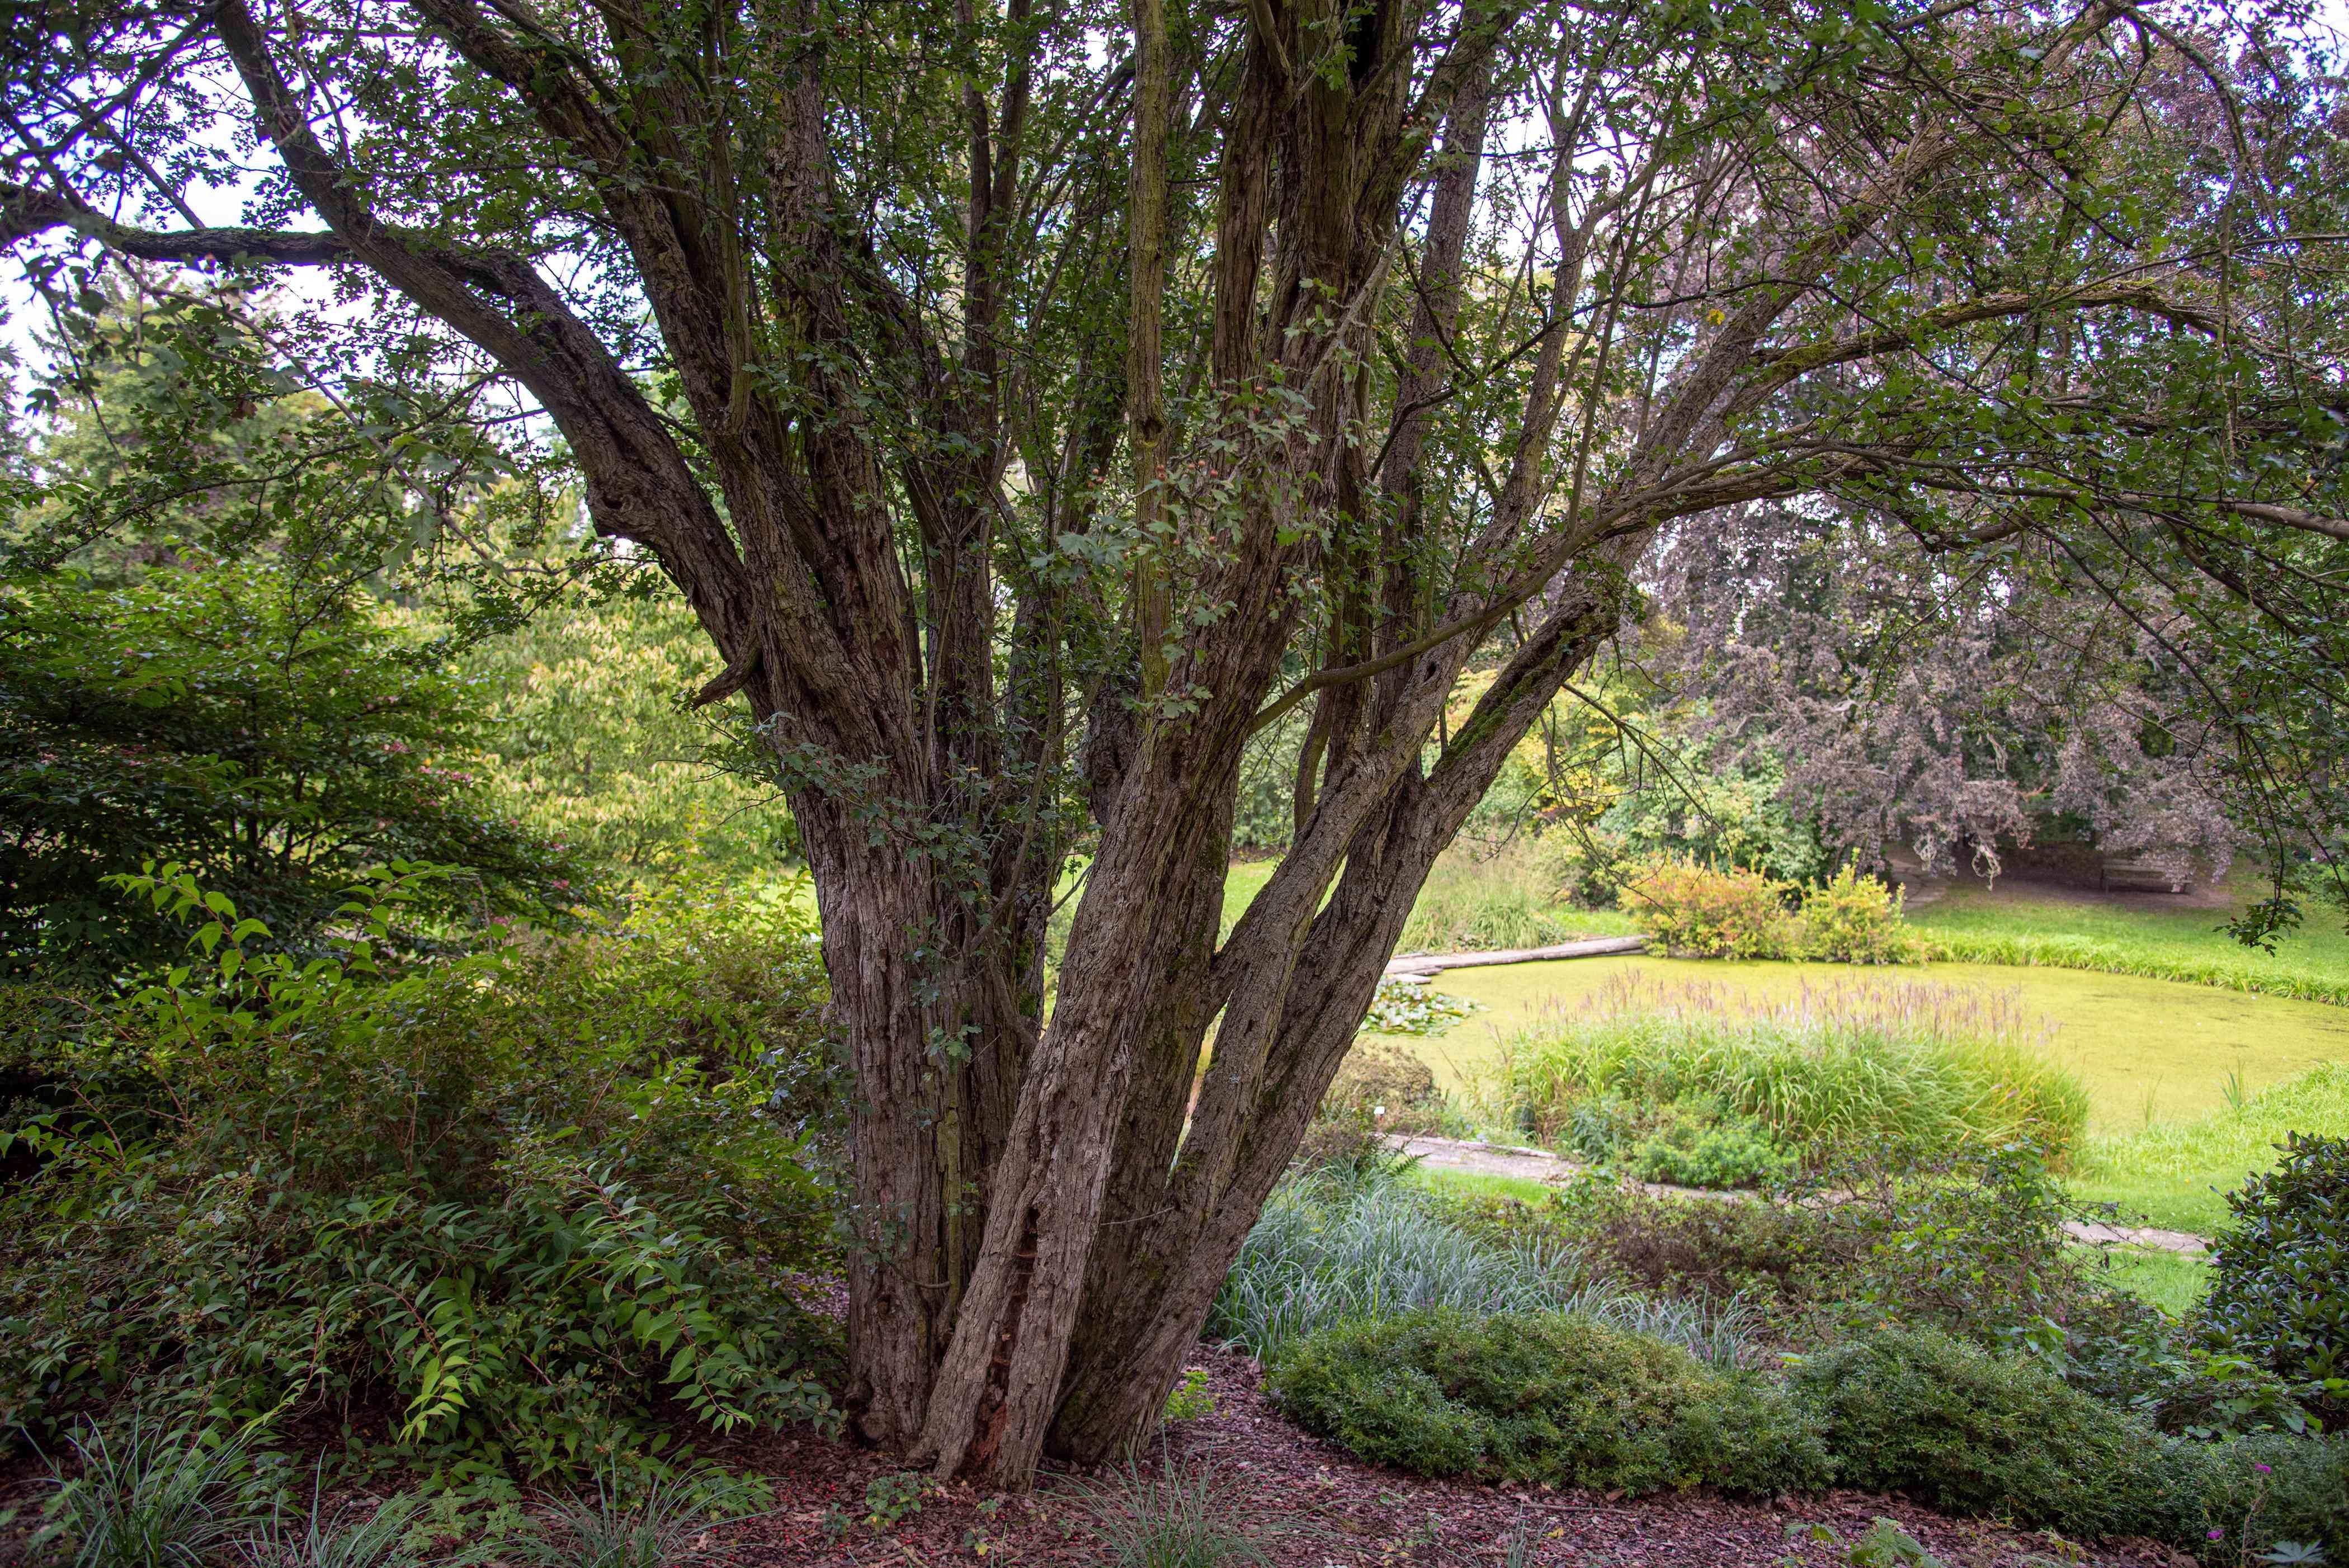 English hawthorn tree with multiple trunks sprawling upwards in garden
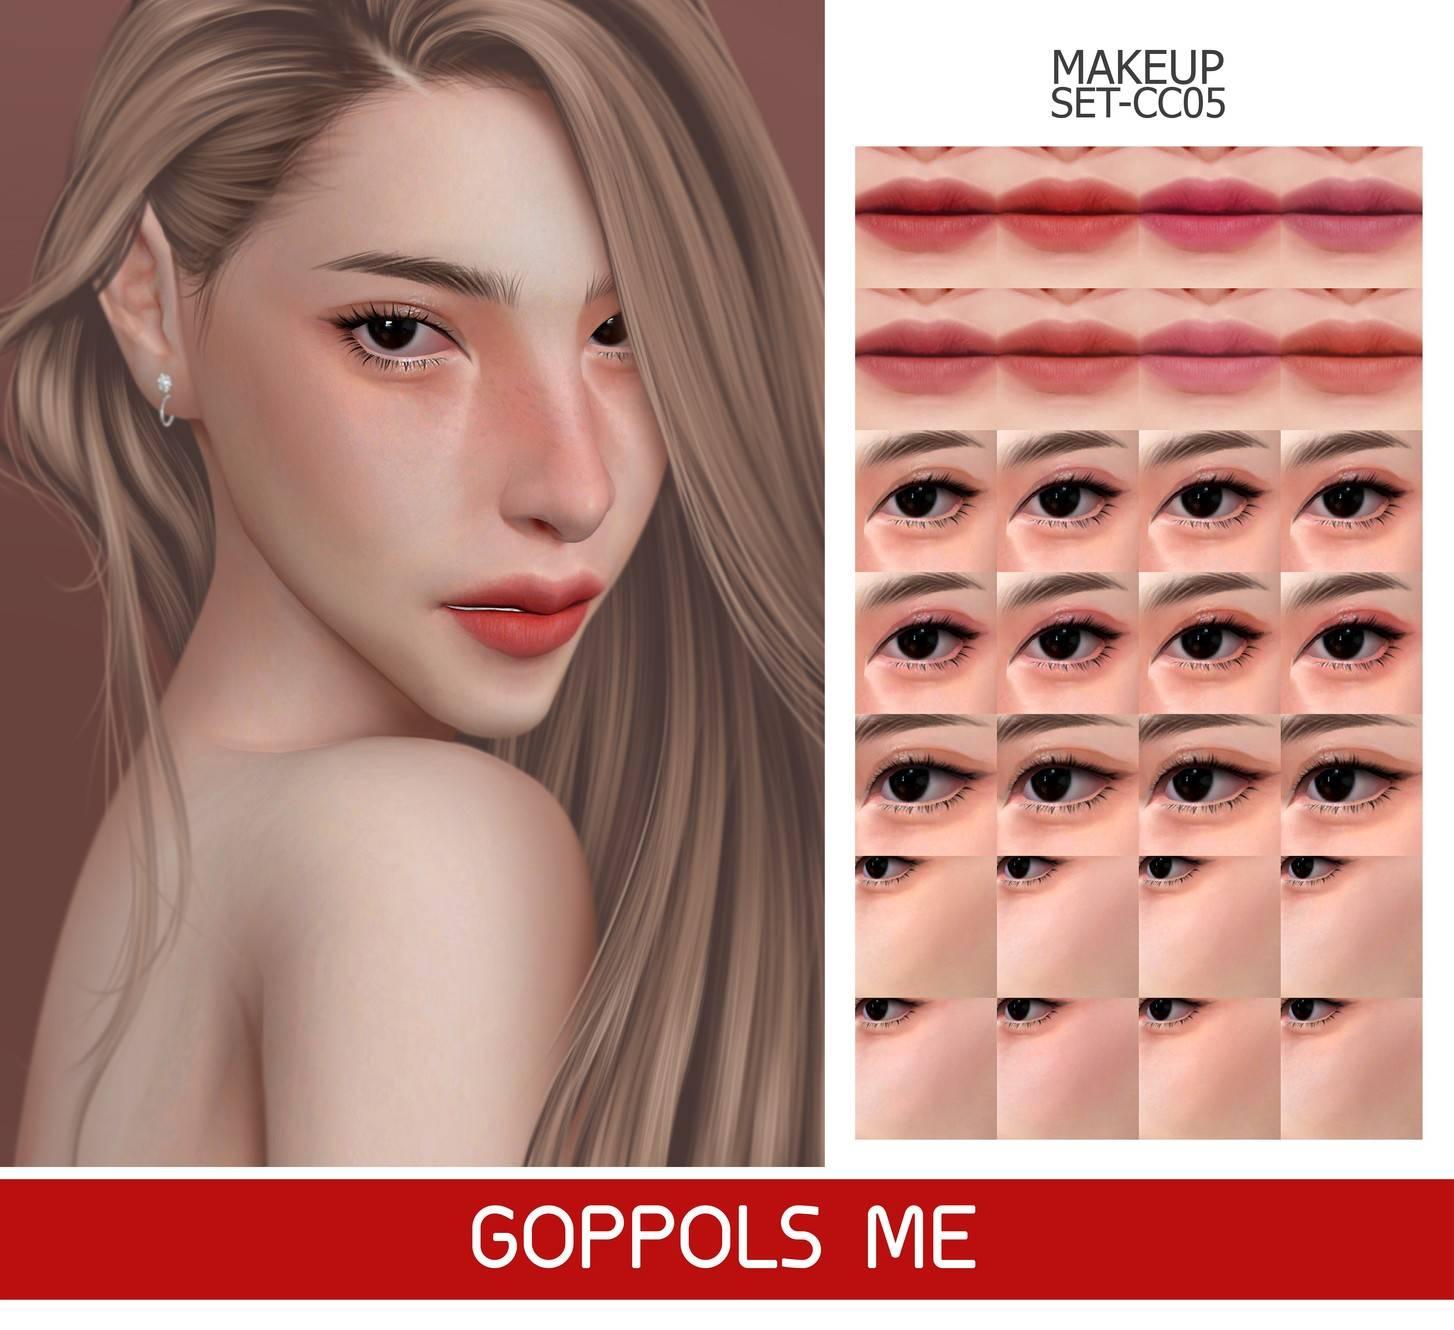 Набор косметики - MAKEUP SET CC05
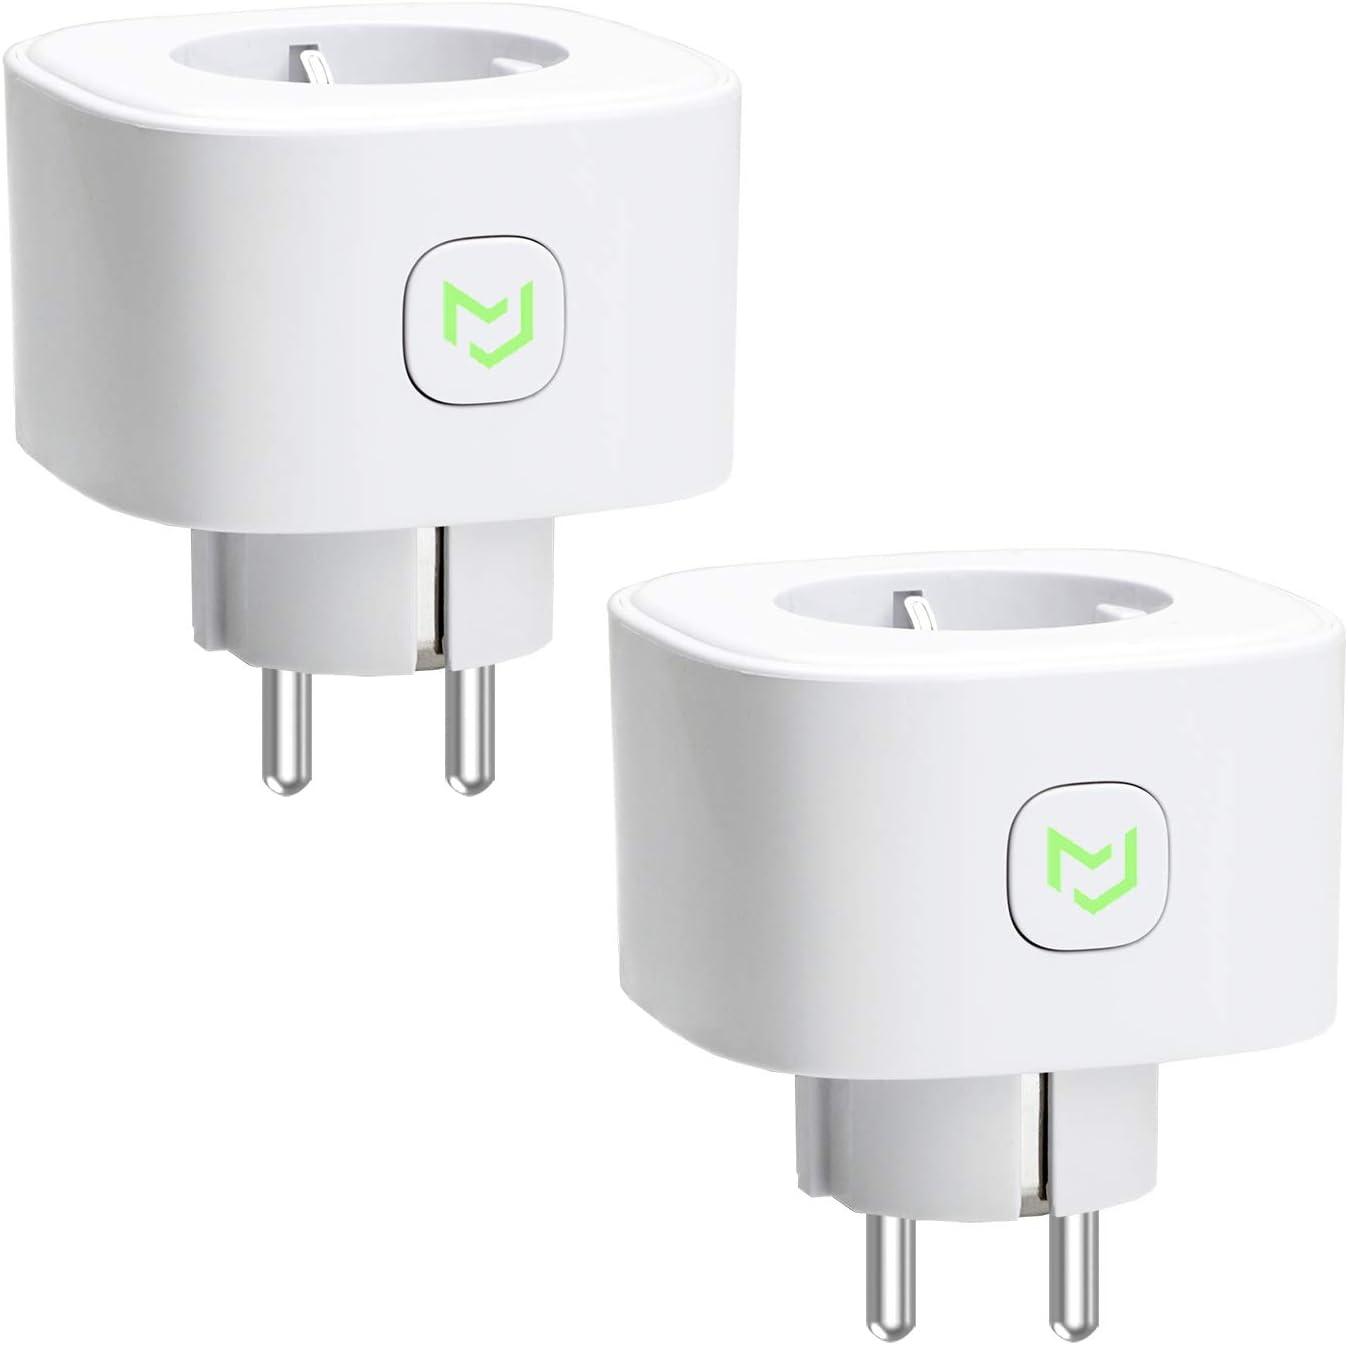 Enchufe Inteligente 16A 3680W, con Control Remoto Meross app. Compatible con Alexa, Google Assistant y SmartThings. Wi-Fi Smart Plug, Modelo MSS210. Paquete de 2

════

> TASK BRIEF
Go through the listing above and quote it exactly, apart from its images.

> TASK OUTPUT
 English hawthorn tree with multiple trunks sprawling upwards in garden
 Набор косметики - MAKEUP SET CC05
 Enchufe Inteligente 16A 3680W, con Control Remoto Meross app. Compatible con Alexa, Google Assistant y SmartThings. Wi-Fi Smart Plug, Modelo MSS210. Paquete de 2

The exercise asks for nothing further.